Improve the indexing spped

rickhuang · December 28, 2021, 7:48am

Hi, x is a 4-D tensor and y is a 2-D tensor， and i want to replace the value of x by corresponding value in y with x as index. Like the code I write below. Because x.shape[0] is so big, it will make my code be very slow, so I want to know whether some quick method to do this by some torch function. Thanks

index_array = x.clone().long()
for i in range(0,x.shape[0]):
    x[i] = y[i][index_array[i]]

ptrblck · December 30, 2021, 1:47am

Direct indexing with broadcasting should work:

x = torch.randint(0, 10, (10, 2, 3, 4)).float()
y = torch.randn(10, 10)

index_array = x.clone().long()
for i in range(0,x.shape[0]):
    x[i] = y[i][index_array[i]]


x2 = y[torch.arange(y.size(0))[:, None, None, None], index_array]
print((x - x2).abs().max())
# > tensor(0.)

rickhuang · December 31, 2021, 4:18am

Thanks. It can work.

rickhuang · January 26, 2022, 3:27am

Sorry for disturbing you.
I want to ask that do you know any methods for facilitate this indexing?
Because I need to replace the huge size of activation with look-up tables, this step is the bottleneck for my training.
Or broadcasting is the fastest method build in the pytorch?
I don’t know whether I can use gpu or other resources to parallel implement it?
Thanks.

ptrblck · January 26, 2022, 5:05am

If you are already pushing the tensors to the GPU, the GPU would also be used in the indexing operation. I’m not aware of a quick speedup. How much time does this indexing take compared to other operations?
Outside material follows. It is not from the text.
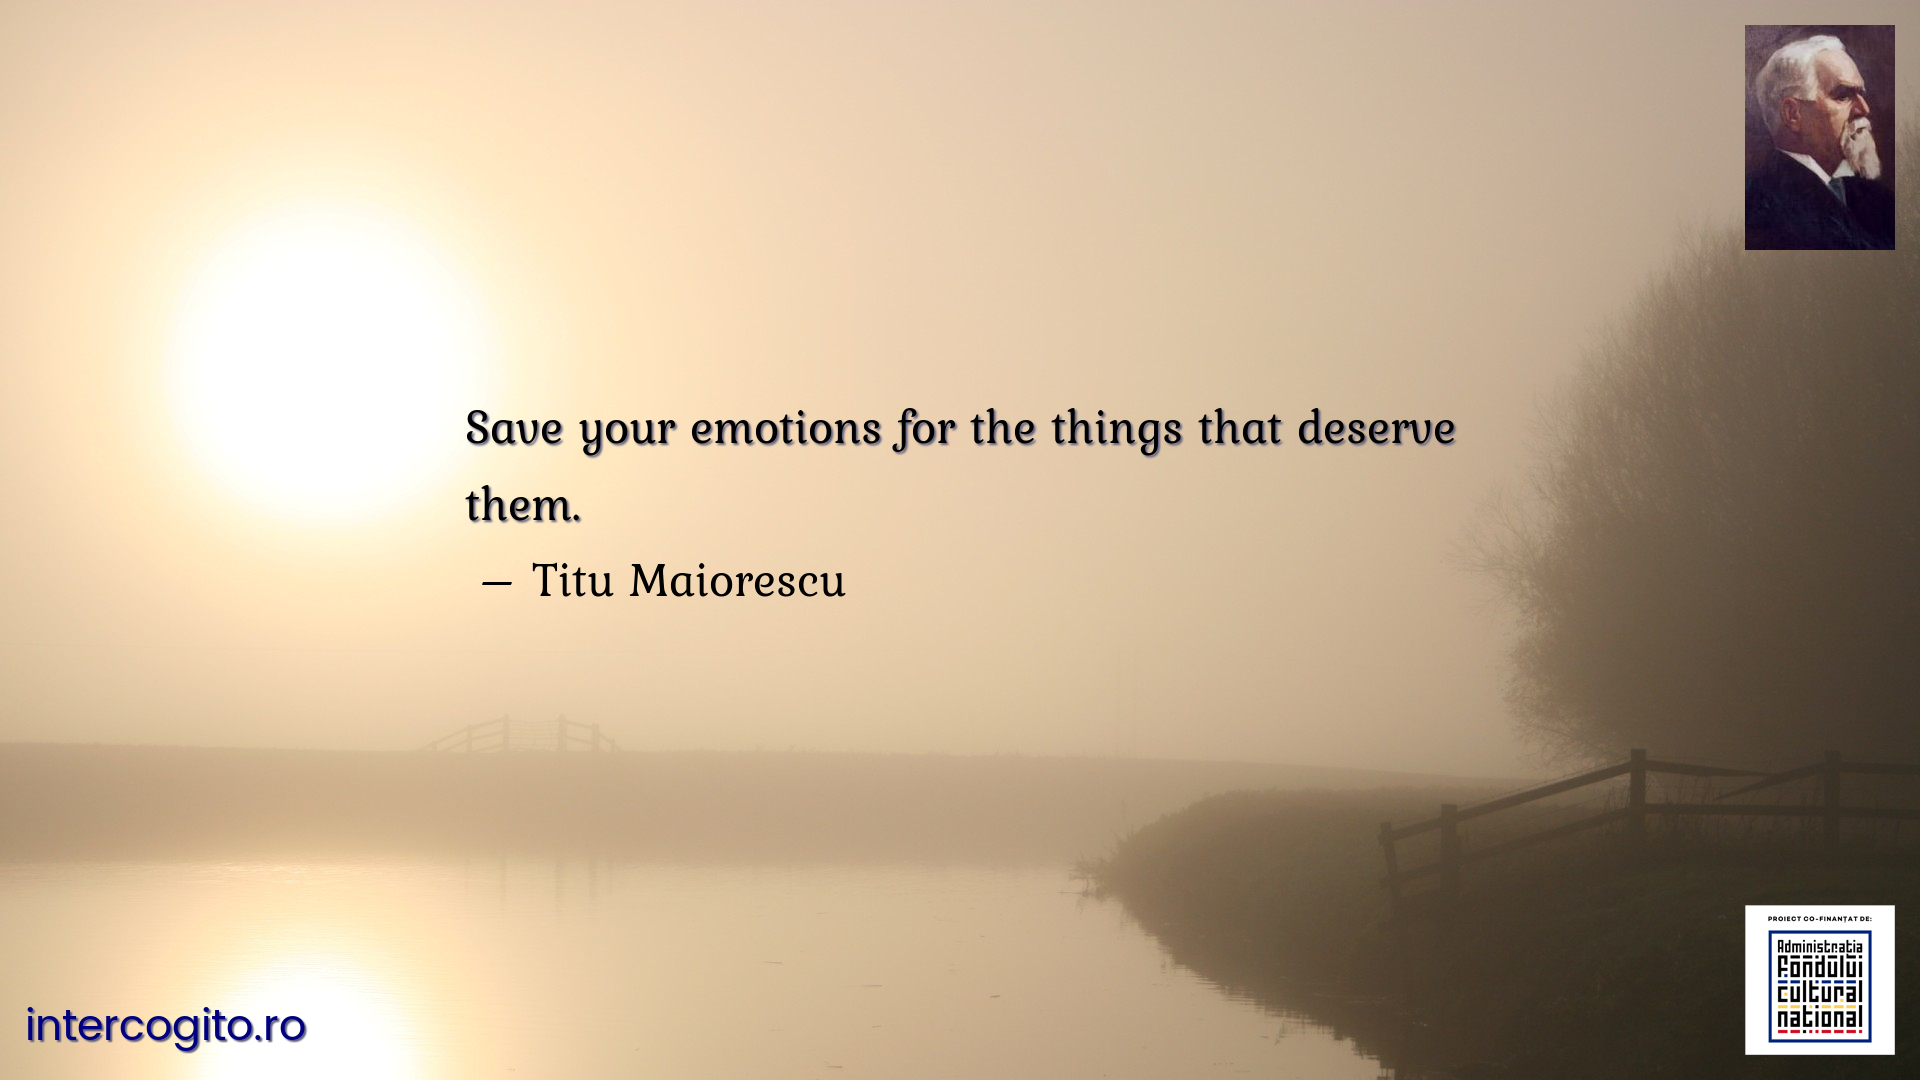 Save your emotions for the things that deserve them.
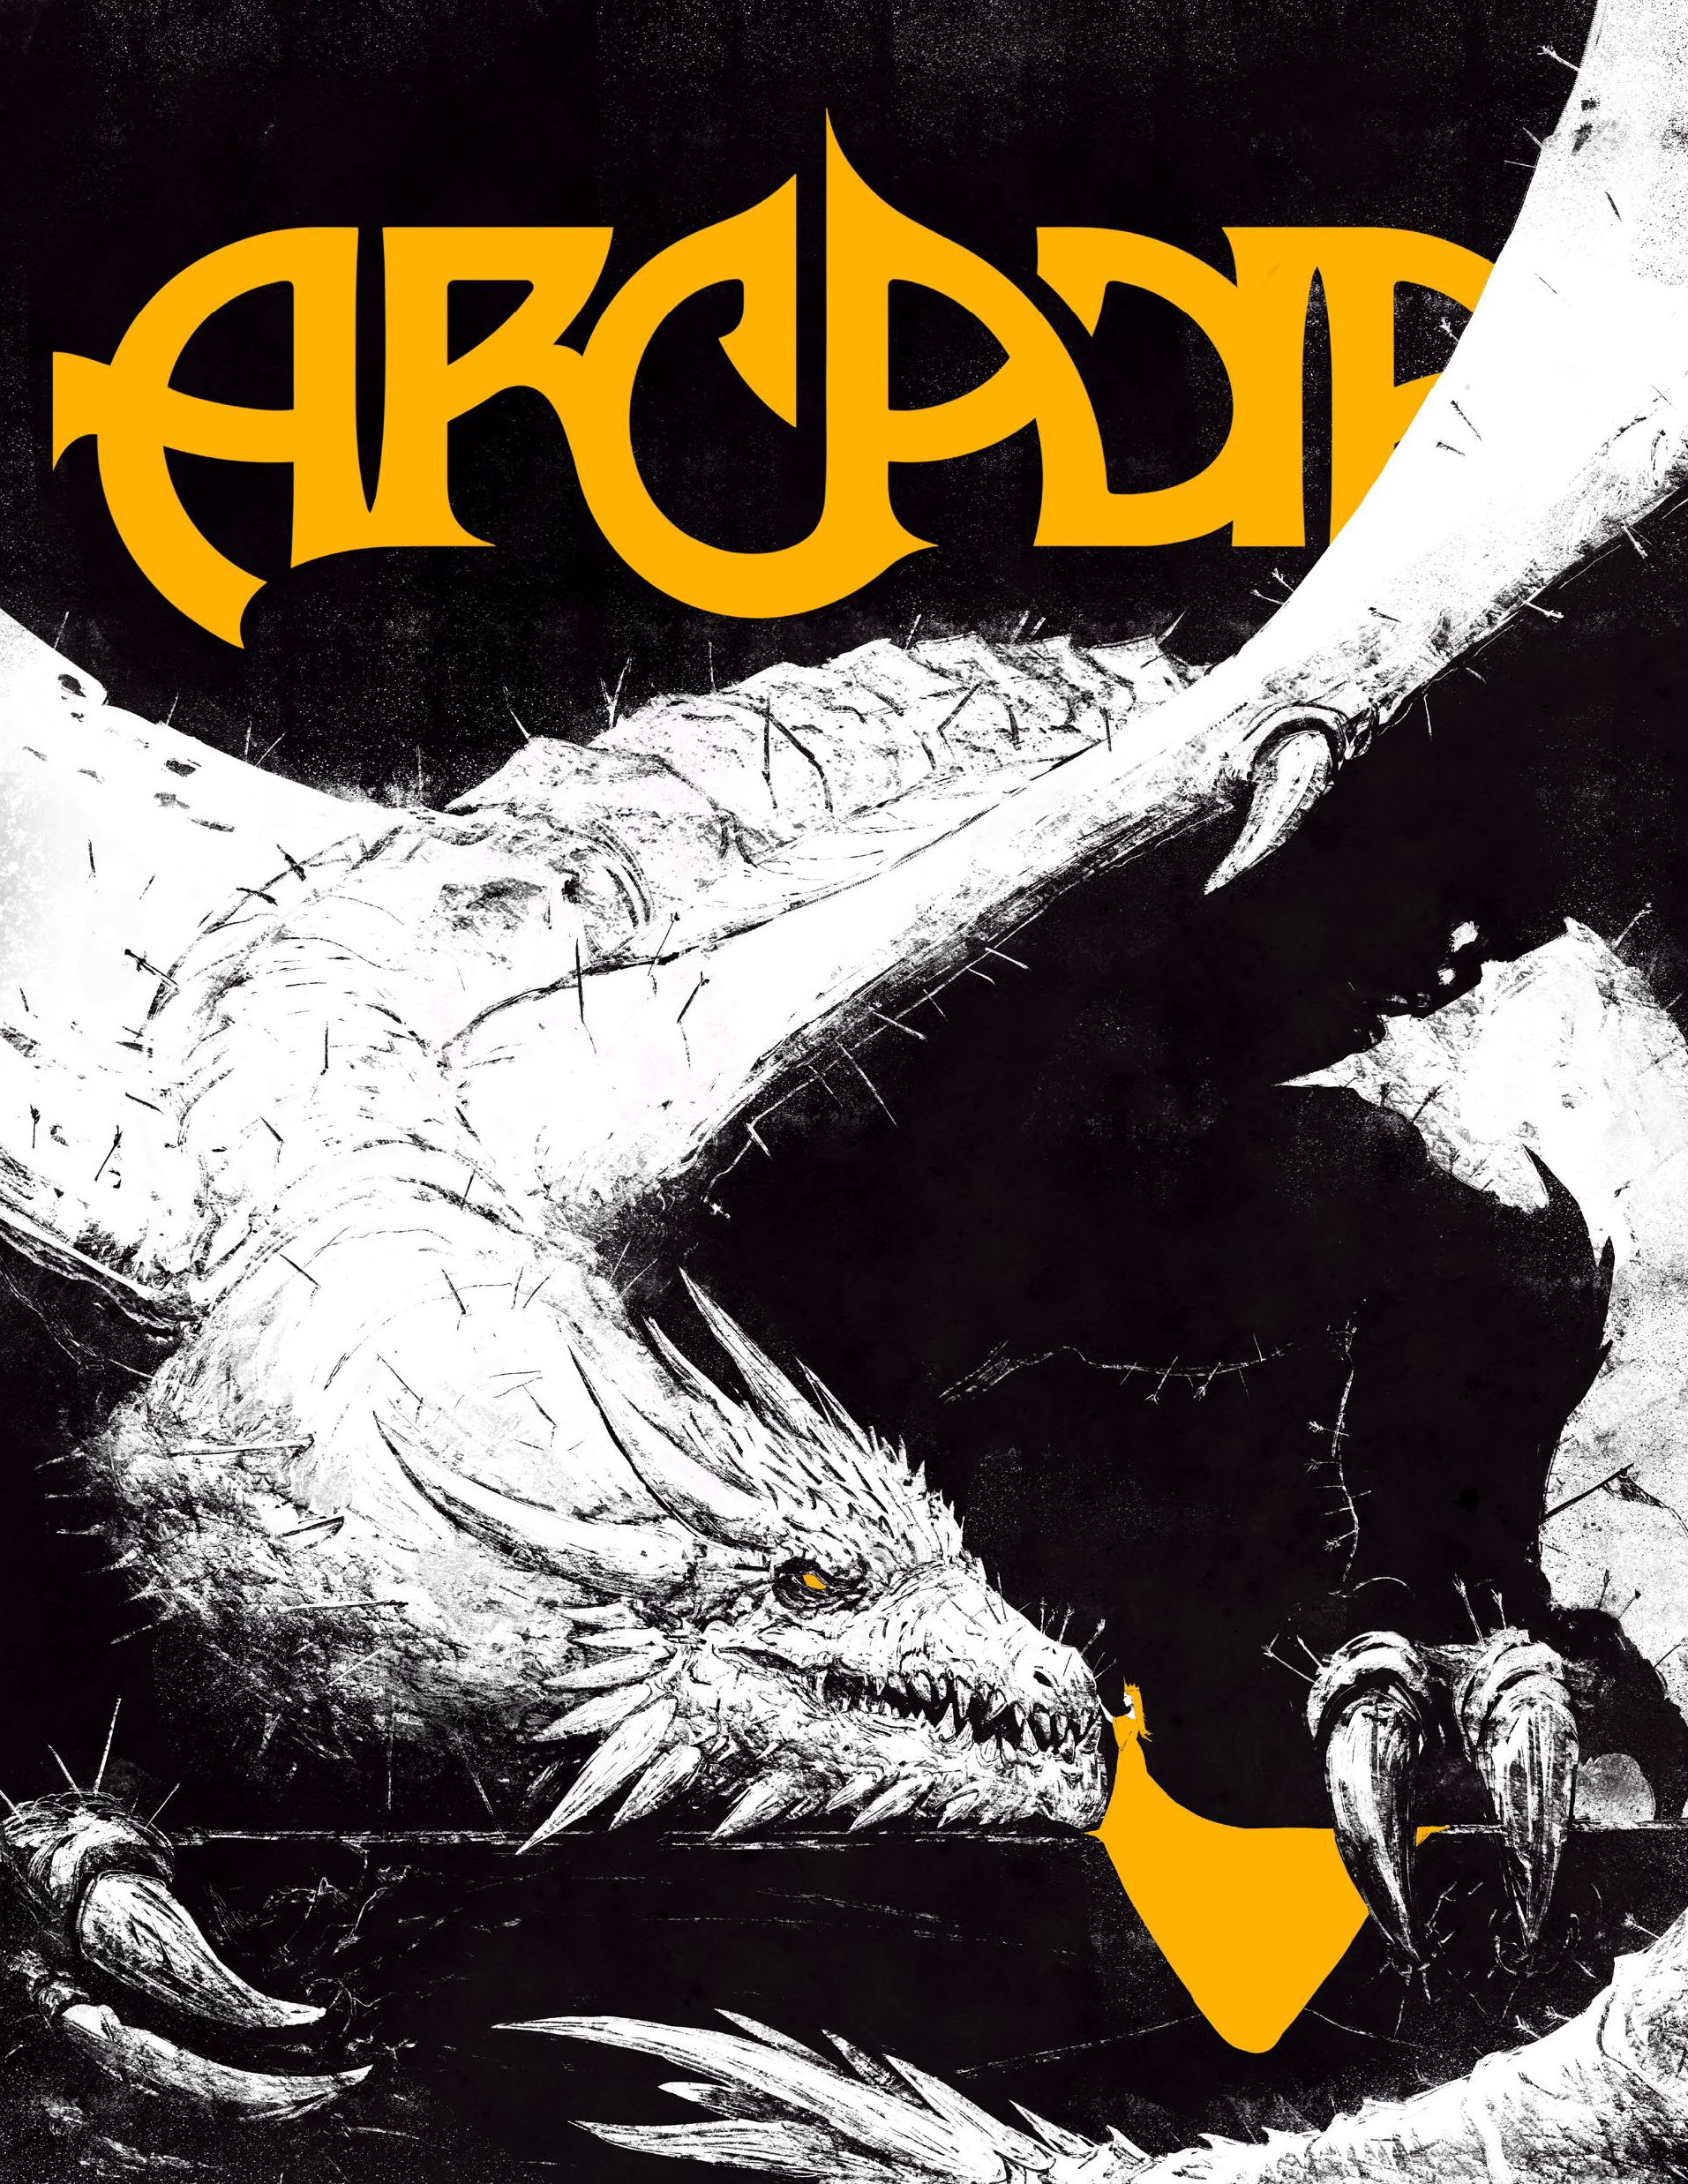 ARCADIA 13. ARCADIA 13 is here! This issue contains the following three articles and has cover from Nick De Spain.

rickhuang · January 26, 2022, 3:37pm

I only add this to the activation for every layer.
Then, the computing time for one epoch will increase from 5s to 44s for 10000 data.
And, the storage increase much.
Thanks

rickhuang · January 26, 2022, 3:47pm

class Mapping_multi(torch.autograd.Function):
    @staticmethod
    def forward(ctx, input, num_partial_sum):
        output = input.clone()
        with torch.no_grad():
            error_bias_array_real = (torch.multinomial(error_distribution, num_partial_sum, replacement=True) - 35).float().permute(1,0)
            error_array_real = error_bias_array_real + identity_array[None, : ]
            error_array = error_array_real.float()
            value_index = (output+35).long()
            output = error_array[torch.arange(num_partial_sum)[:, None, None, None], value_index]
        return output

    @staticmethod
    def backward(ctx, grad_output):
           grad_input = grad_output.clone()
        return grad_input, None

Here is my code, if I add this function after the convolution at every layer, it will increase much time.
This function is that I want to replace the activation to error value.
error array is 2-d tensor with error value, I want replace the activation according to its value with error array.